И, швырнув на землю мельницу, он ушел.

Я подал Ивану Ильичу его «необходимый предмет», но не успел сказать и слова, как к нему подошла женщина в потертой стеганке. Из-под ее линялого темного платка выбивалась огненно-рыжая прядь волос. Что-то знакомое было во всей ее фигуре; мне казалось, что я видел совсем недавно и этот платок, и рыжую прядь волос, и слегка закинутую назад голову. Но где? Когда?

Едва она взяла мельницу, как я вспомнил: со своей высокой скамьи я видел в прошлое воскресенье, как она так же вот держала в руках мельницу Ивана Ильича, рассматривала ее долго и дотошно. А сейчас женщина делала вид, будто впервые видит эту вещь.

Я стоял рядом, женщина неприязненно покосилась на меня, словно я ей мешал. Меня злил ее взгляд, тем более что я не сомневался, что и на этот раз она уйдет ни с чем. Где ей взять масло и сахар?

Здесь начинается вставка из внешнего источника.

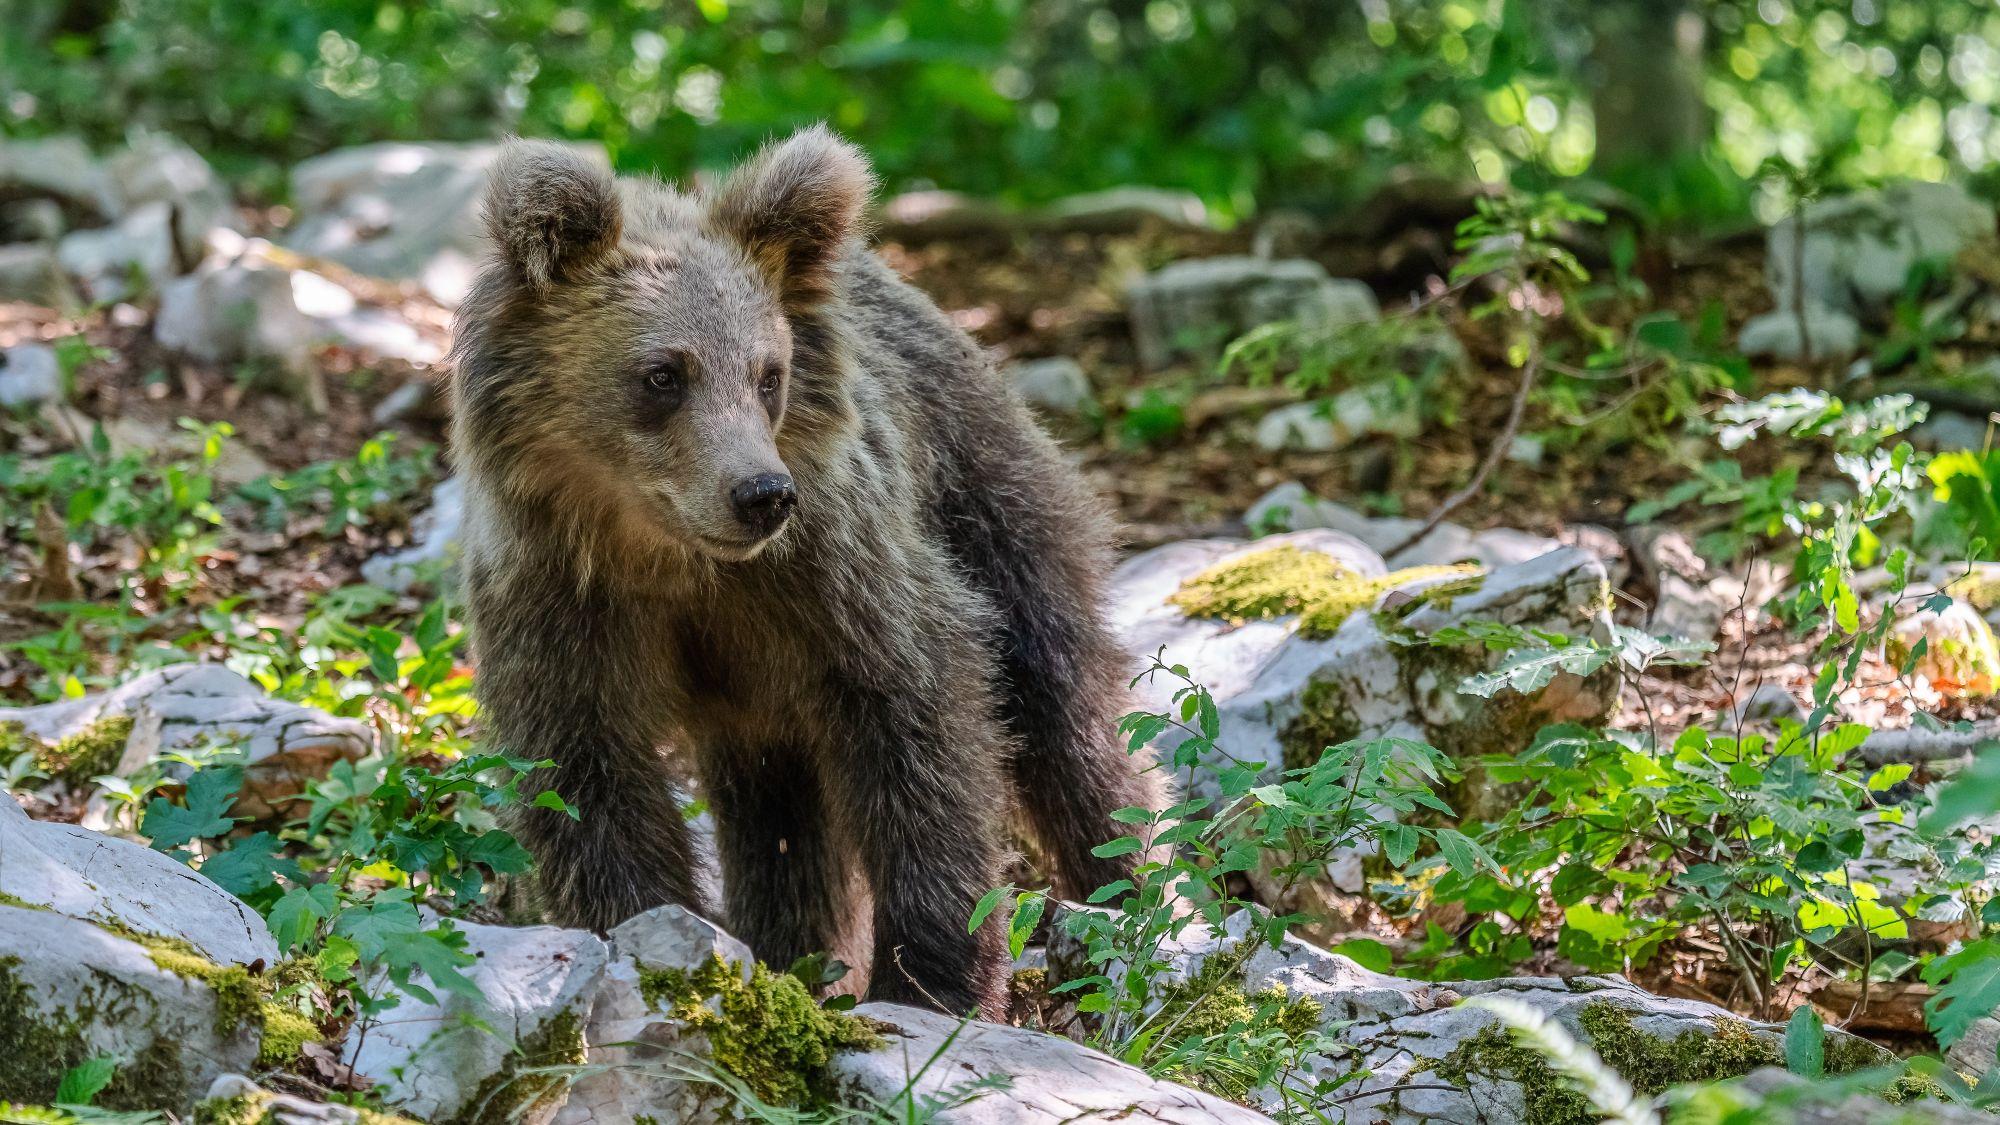 !!! Andreas Hütten Entering the bears' realm O/ - Andreas Hütten - bear cub
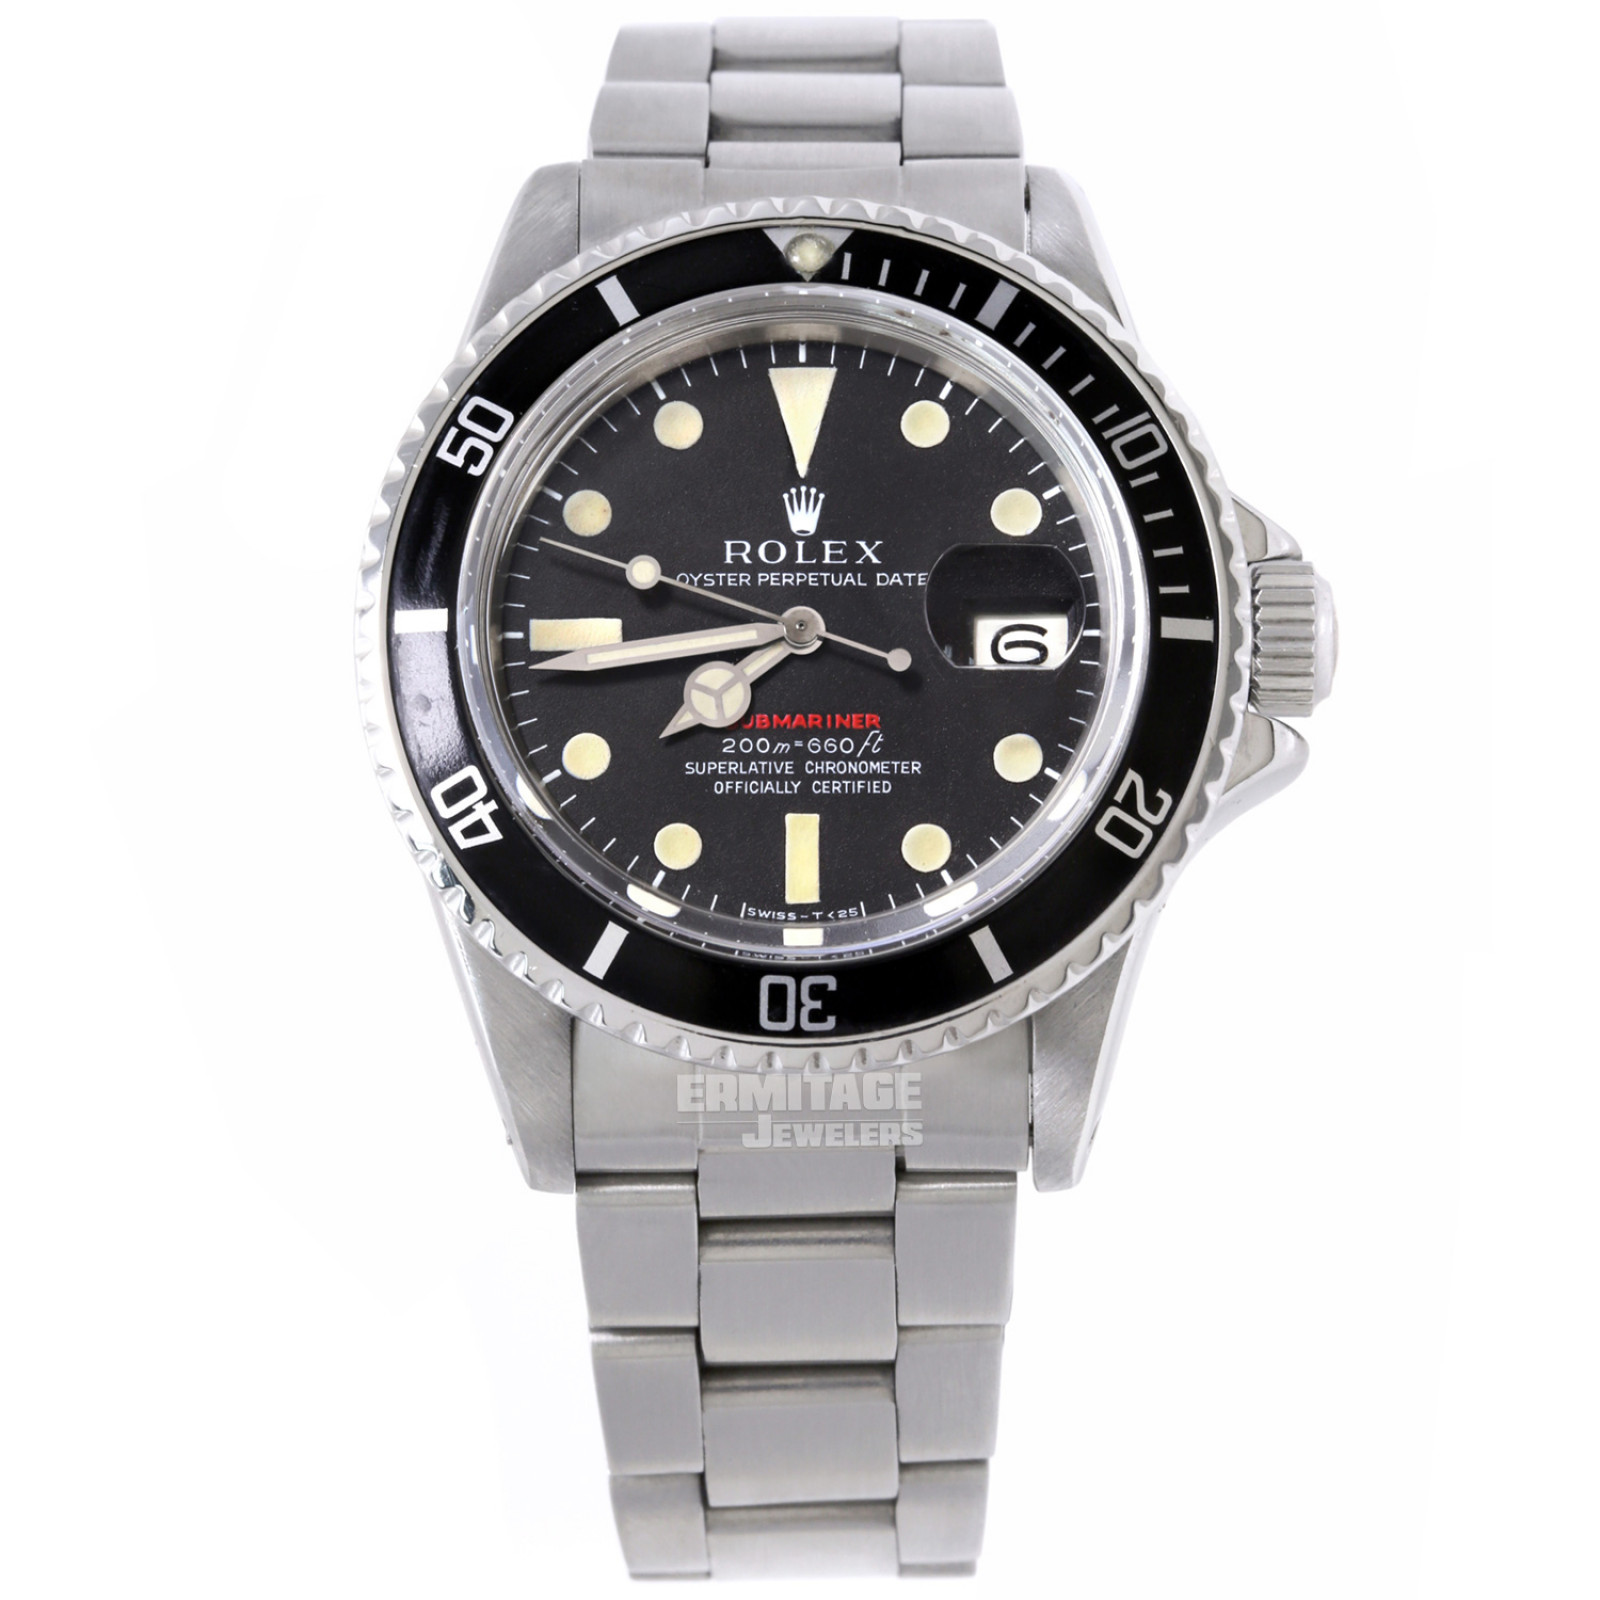 Rolex Submariner 1680 Mark 2

Женщина выдвинула из мельницы узенький ящичек. Я увидел в нем несколько высохших пестреньких фасолин. Она задвинула обратно ящичек, поправила на голове платок и сказала звонко, нараспев:

— Купила бы, да молоть нечего…

И ушла.

— Нахальная баба! — сказал я. — Сколько раз уже обнюхивала вашу мельницу. Делать ей нечего!

— Фантазируешь! — сказал убежденно Иван Ильич. — Впервые ее вижу, а память на лица у меня, сам знаешь, отличная: один раз увижу, сто лет помню!

— Вы просто не заметили…

— Не болтай! — вдруг рассердился Иван Ильич. — Мне лучше знать. Пойдем домой, проводи-ка меня немного…

Мы шли кривыми улочками нашего городка. Моросил октябрьский дождь, день был серый, унылый. Впрочем, теперь и солнечные дни казались мрачными. Иван Ильич нес завернутую в тряпицу мельницу и молчал. Но у меня было такое чувство, что он все время наблюдает за мной.

— Хочу тебе сказать вот что… — прервал молчание Иван Ильич. — Время такое… всякое может случиться. До конца войны могу и не дожить. Мой завет тебе: не бросай скрипку. Раньше не говорил, теперь скажу: ты можешь стать большим музыкантом, настоящим артистом. Береги себя. Главное, помни о пальцах. Я тогда узнавал у доктора…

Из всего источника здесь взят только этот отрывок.